From CAS to DRM, video content security paradigm has shifted and converged with multi-DRM and forensic watermarking

The origin of IPTV lies in the pay TV model of 1950s and 1960s, when video content owners and distributors wanted to maximize their revenue beyond advertisements. Stakeholders of the video content industry invented the conditional access system (CAS) to manage their users and offer them a variety of subscription plans. This technology allowed distributors to send encrypted video signals to users, which could be decrypted and played using set-top boxes (STBs).

With the arrival of digital videos, access control evolved into digital CAS in 1990s, which allowed even more finegrained control over content access and security to distributors. Digital video broadcasts (DVB) standards were codified into Common Scrambling Algorithm (CSA). The encryptions contained in the DVB standards could be called precursor to DRM protected content that has become the norm in the age of OTT content.

Despite the immense popularity of OTT platforms, pay TV continues to be popular in most markets.
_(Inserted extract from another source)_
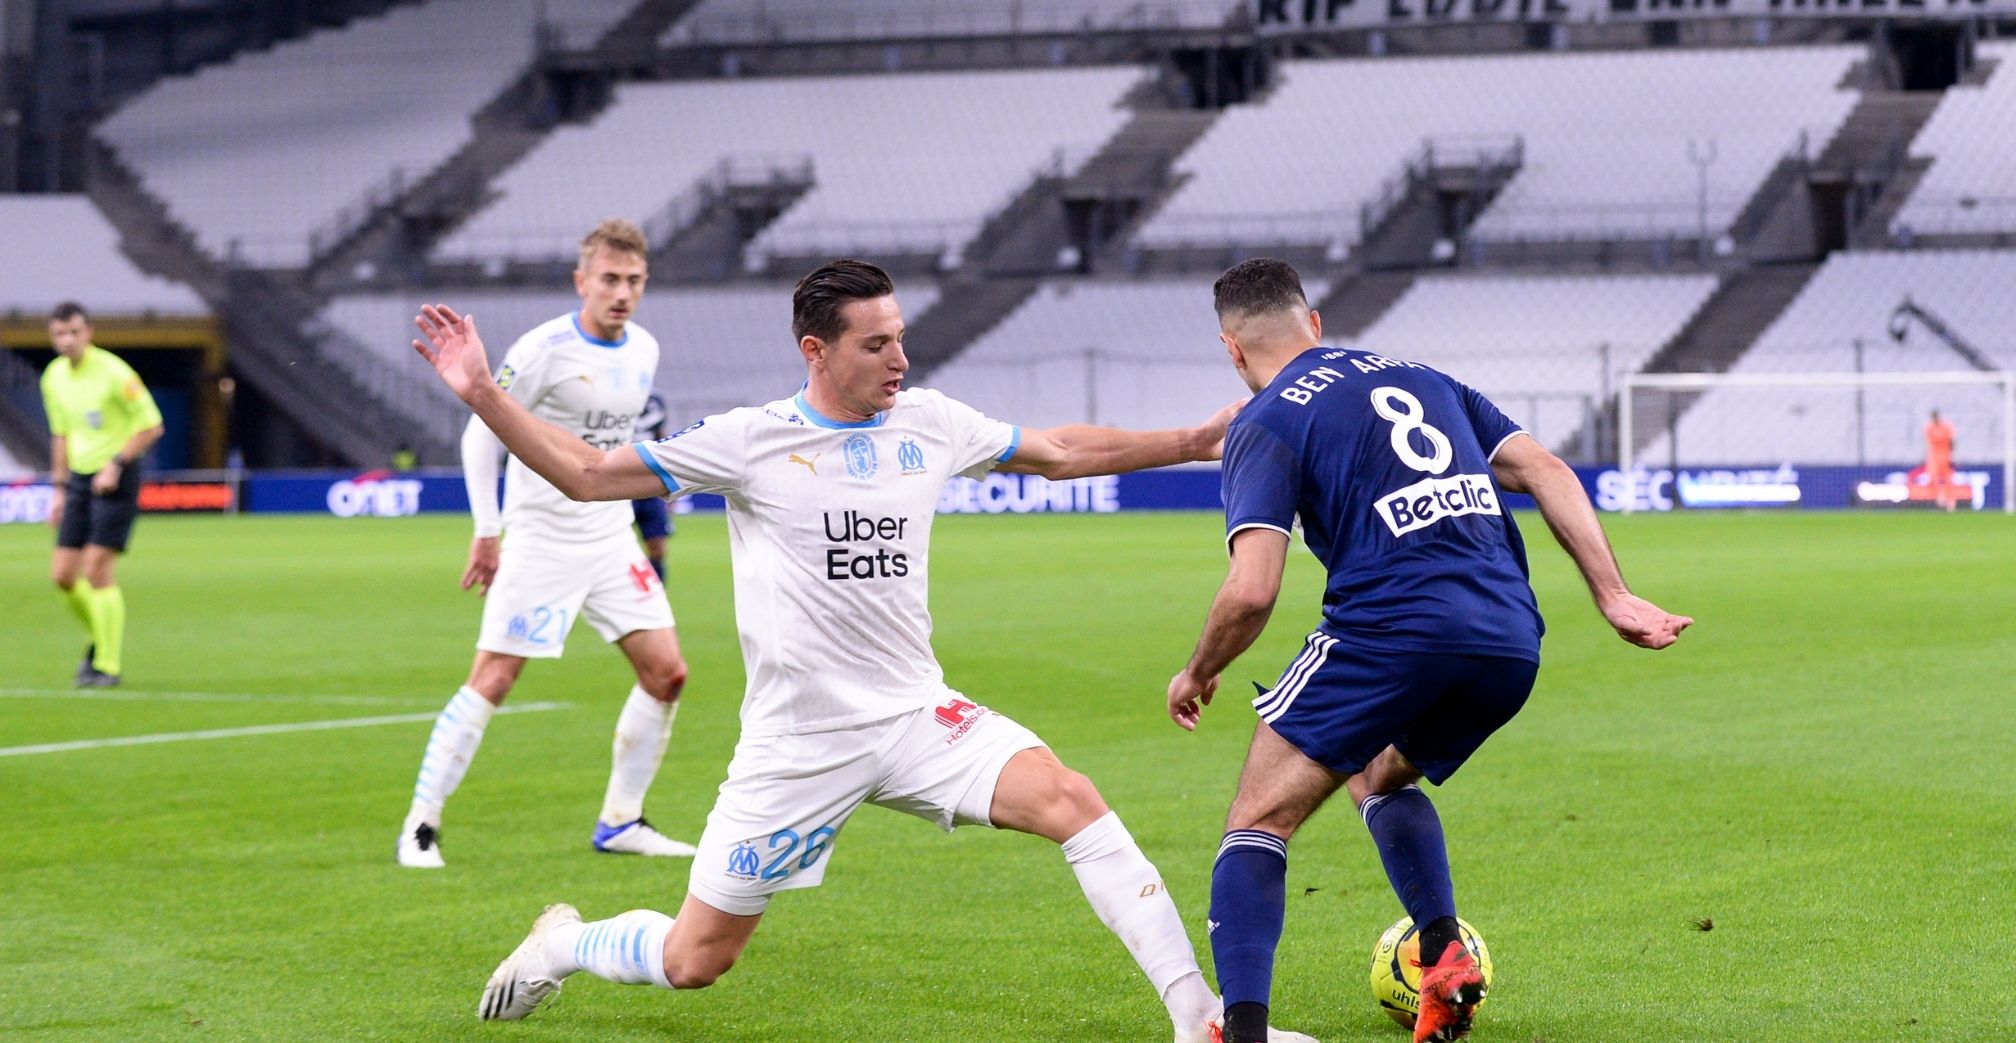 Bordeaux-Marseille preview: Larguet to lift OM again?

The OTT only households are still low in number. Therefore, distributors also depend on CAS and multi-DRM approaches to complement different arms of their business.

The character of STBs, which are used in CAS, has also undergone a change. Initially, distributors used cards to control access to video broadcasts. Howevers, as these devices evolved, system-on-a chip technology became popular that allowed decryption within the processing units of STBs.

Out of all the user management systems, multi-DRM technology is considered the most advanced one, especially when it is used with video watermarking technology. Most vendors provide multi-DRM and watermarking services as a unified service to content owners. The success of multi-DRM technology rests on the security it offers as a combination of software and hardware approach and the user of two-way communication facilitated by the internet, which makes verifying the user device in a dynamic scenario possible.

Even the DRM system has evolved further to be merged with STBs, especially for smart TVs. In scenarios where users depend on broadcast signals to watch their favourite channels, this type of hybrid model can add valuable information to their TV systems, like information about shows, show schedules, etc. and even offer recording options wherever the subscription plan permits it.